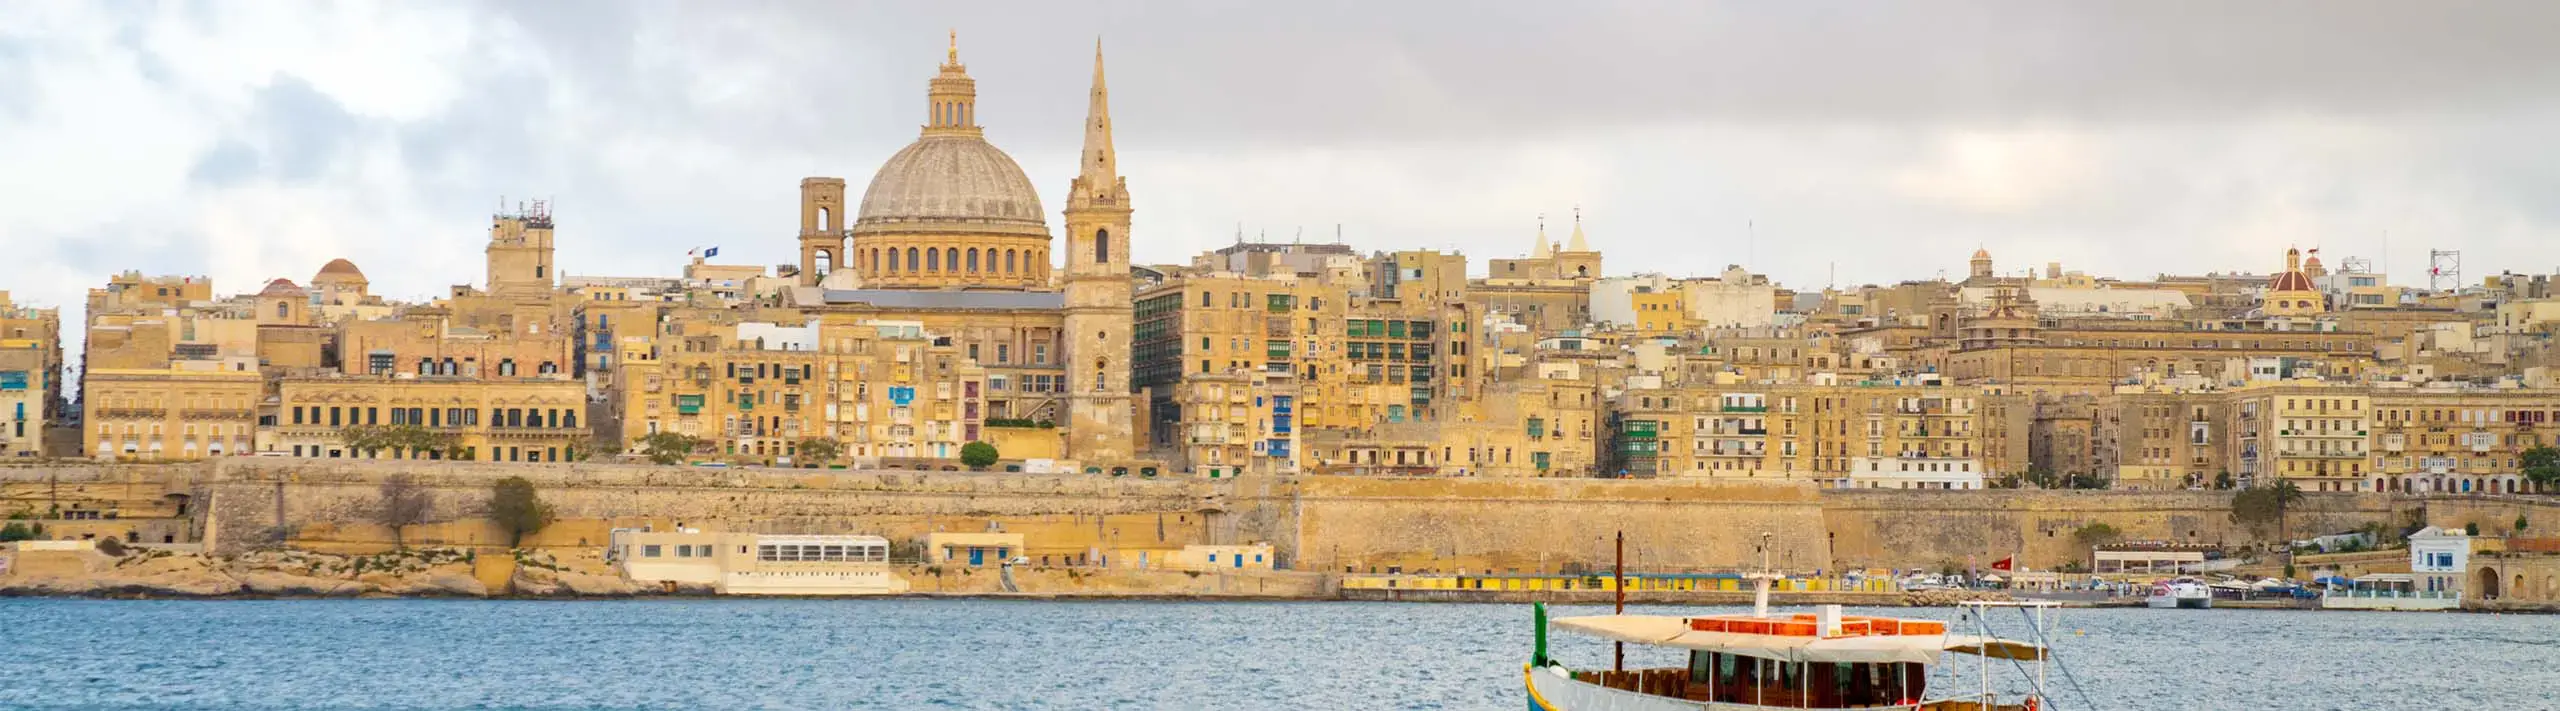 Valletta, the capital of Malta:فاليتا/ Valleta عاصمة مالطا:
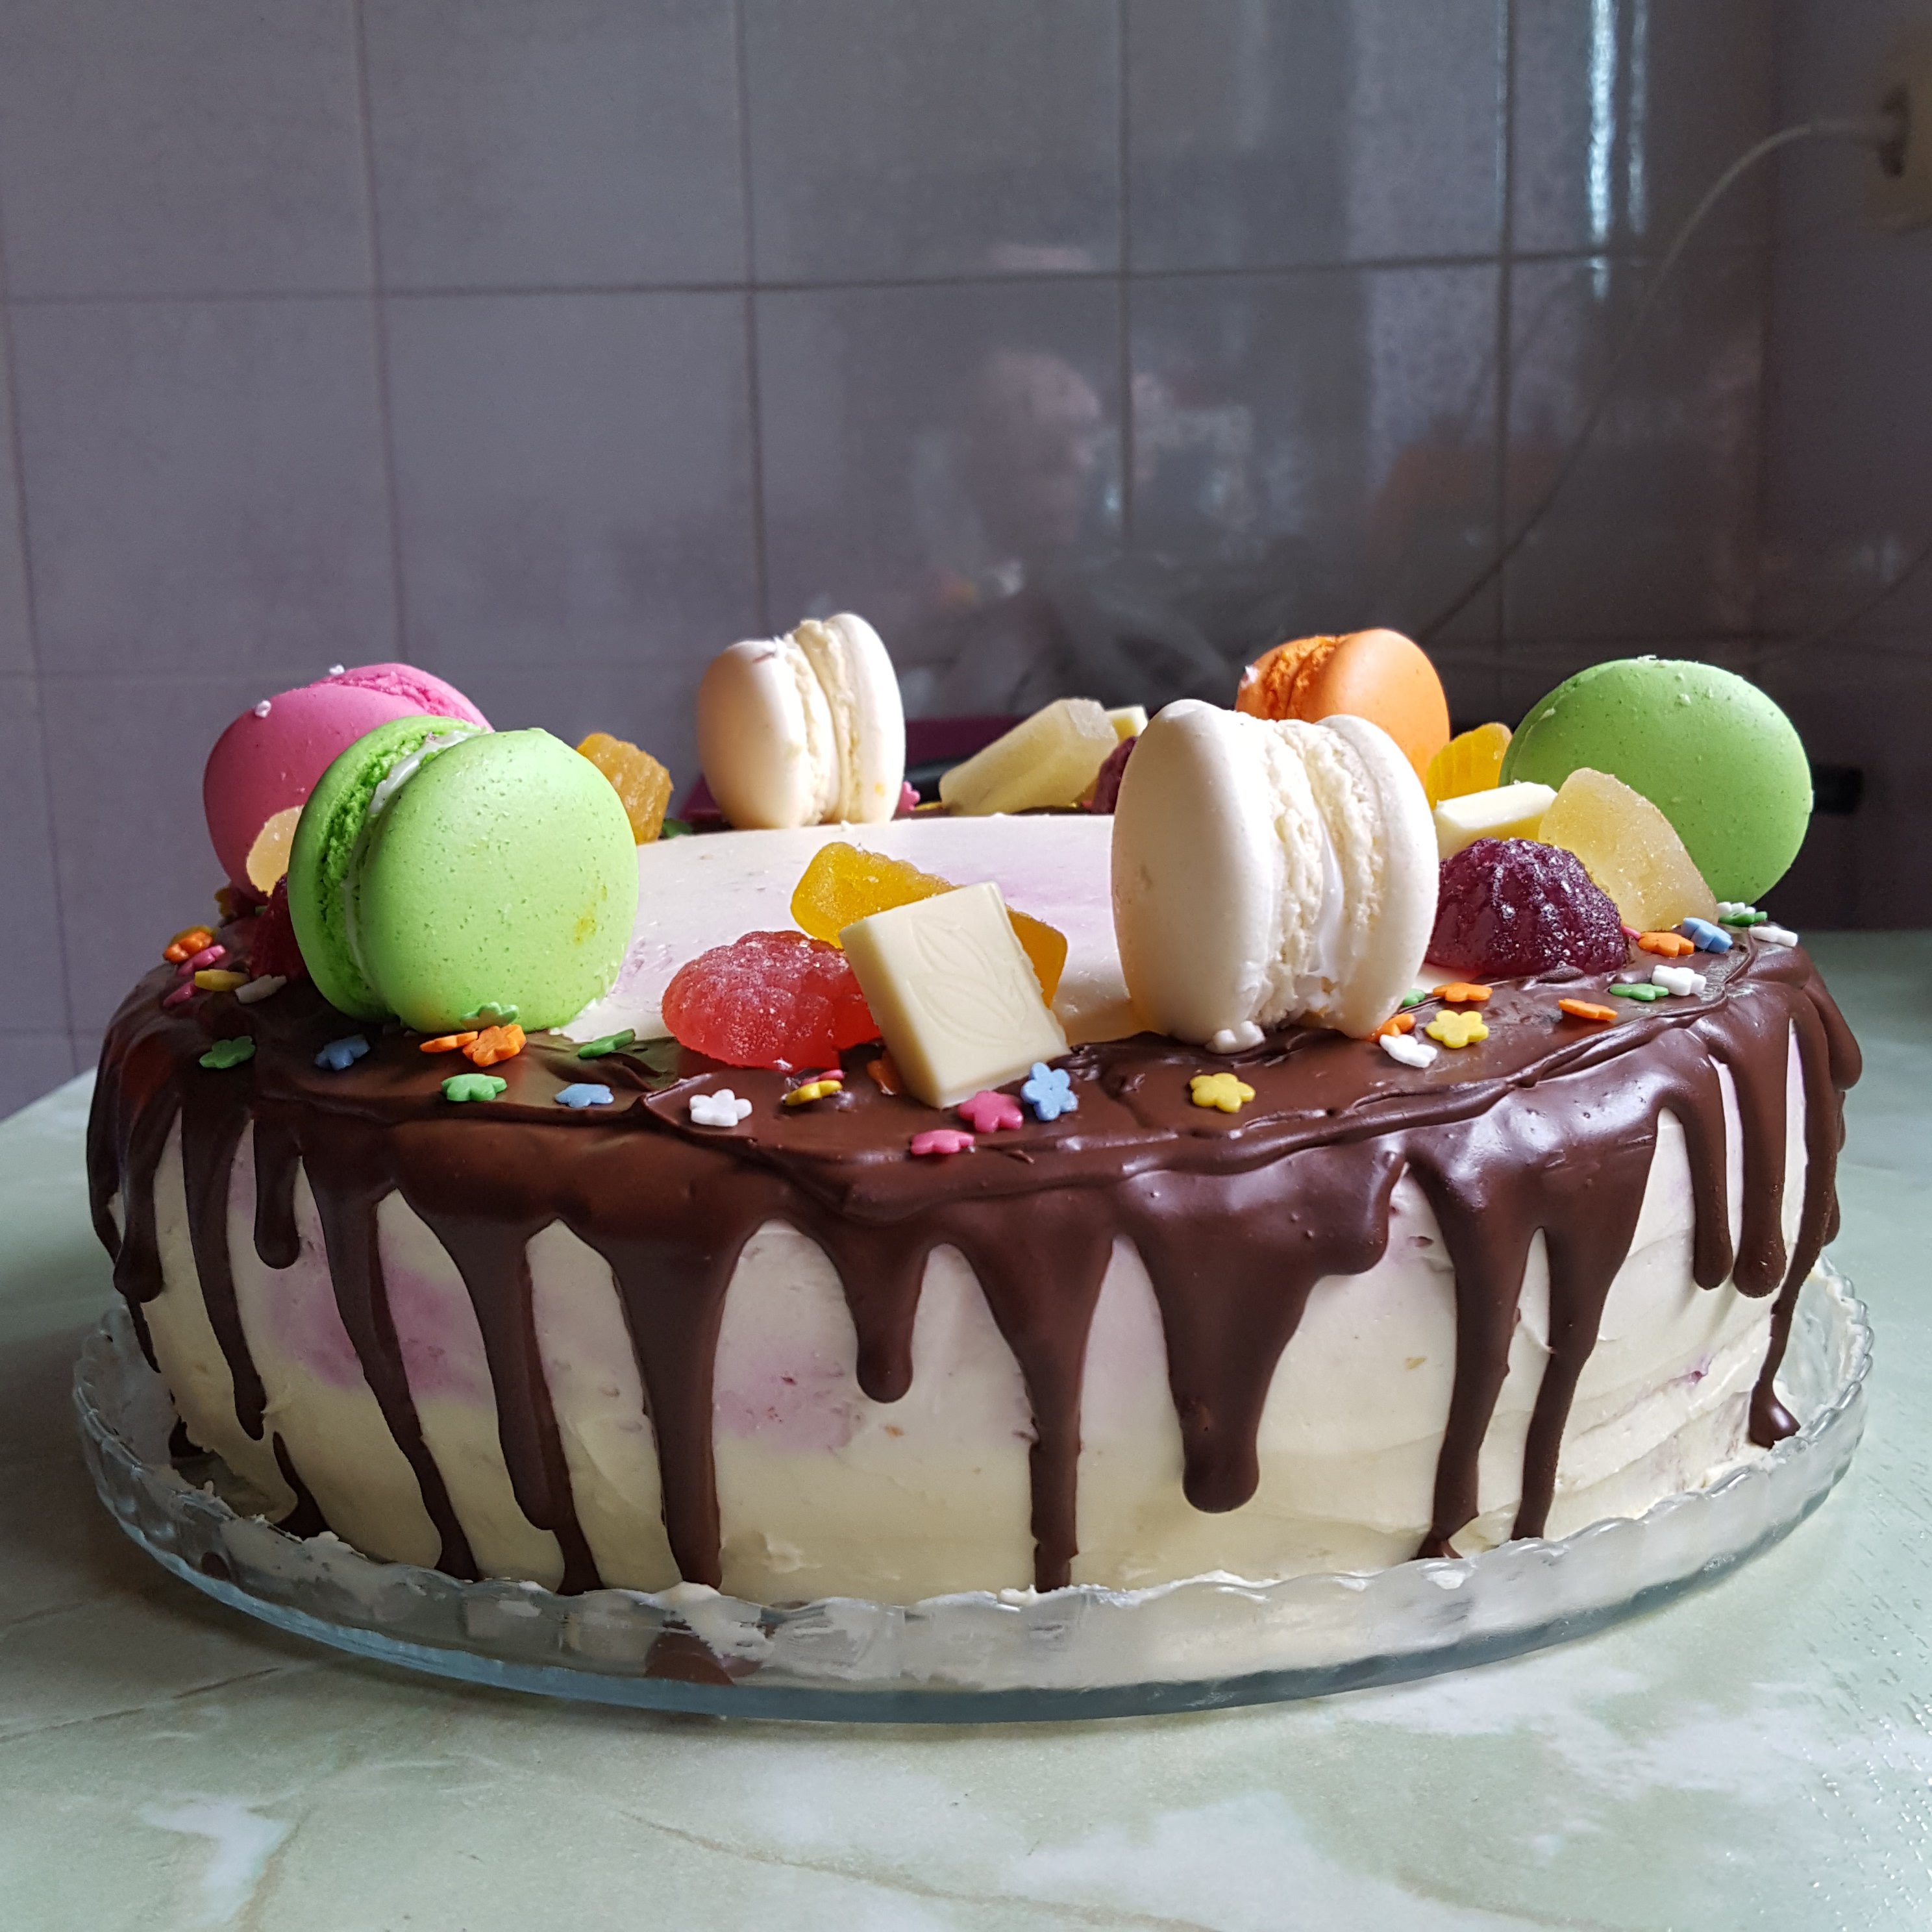 Как сделать торт красивый своими руками: Рецепты тортов домашнего приготовления - 340 пошаговых фоторецептов
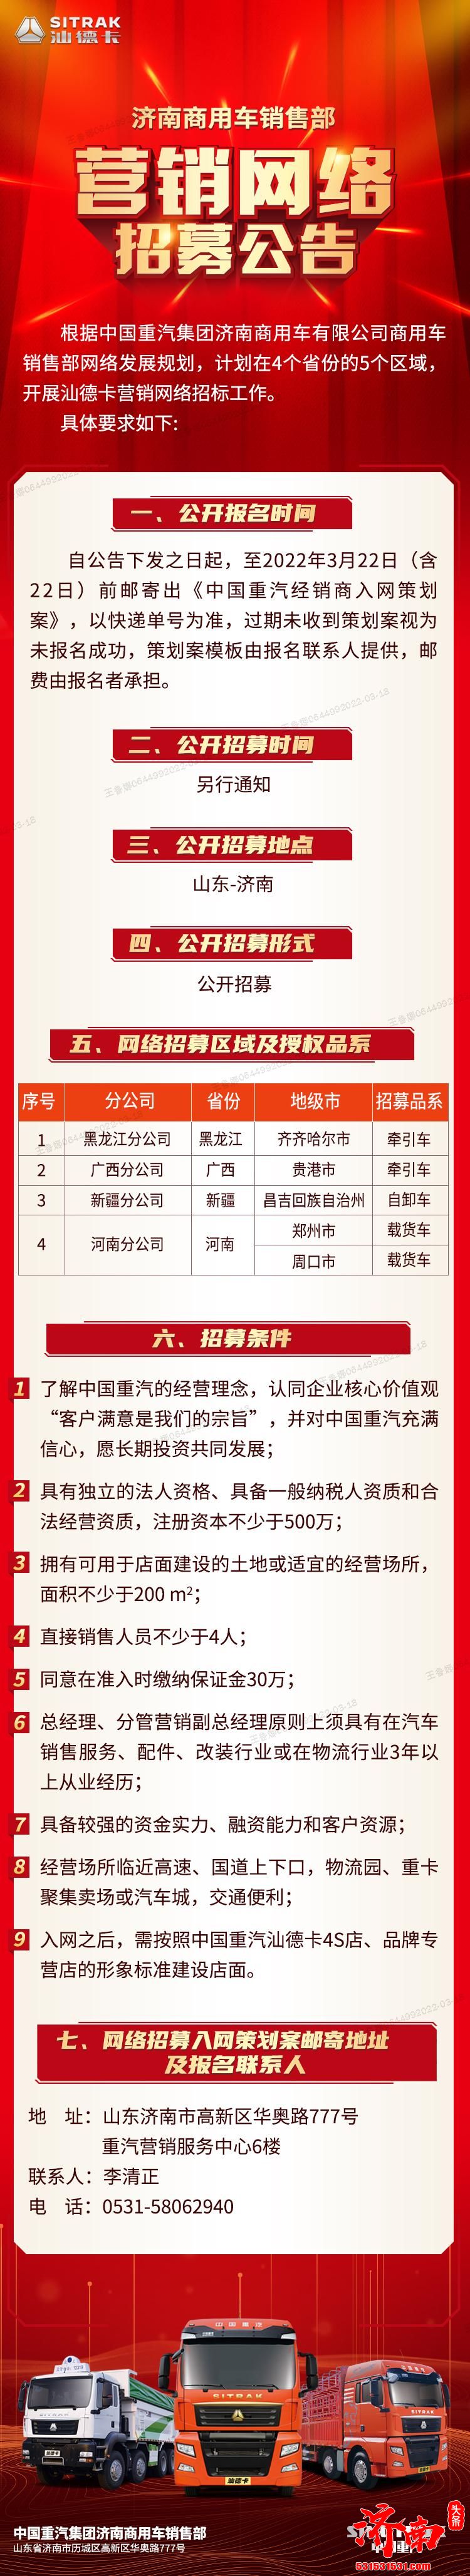 中国重汽济南商用车有限公司发布汕德卡营销网络招募公告
= = = = =
▶ **WORK TASK**
For this exercise, retype the listing above word for word and omit the pictures.

▶ **RESPONSE AREA**
 Valletta, the capital of Malta:فاليتا/ Valleta عاصمة مالطا:
 Как сделать торт красивый своими руками: Рецепты тортов домашнего приготовления - 340 пошаговых фоторецептов
 中国重汽济南商用车有限公司发布汕德卡营销网络招募公告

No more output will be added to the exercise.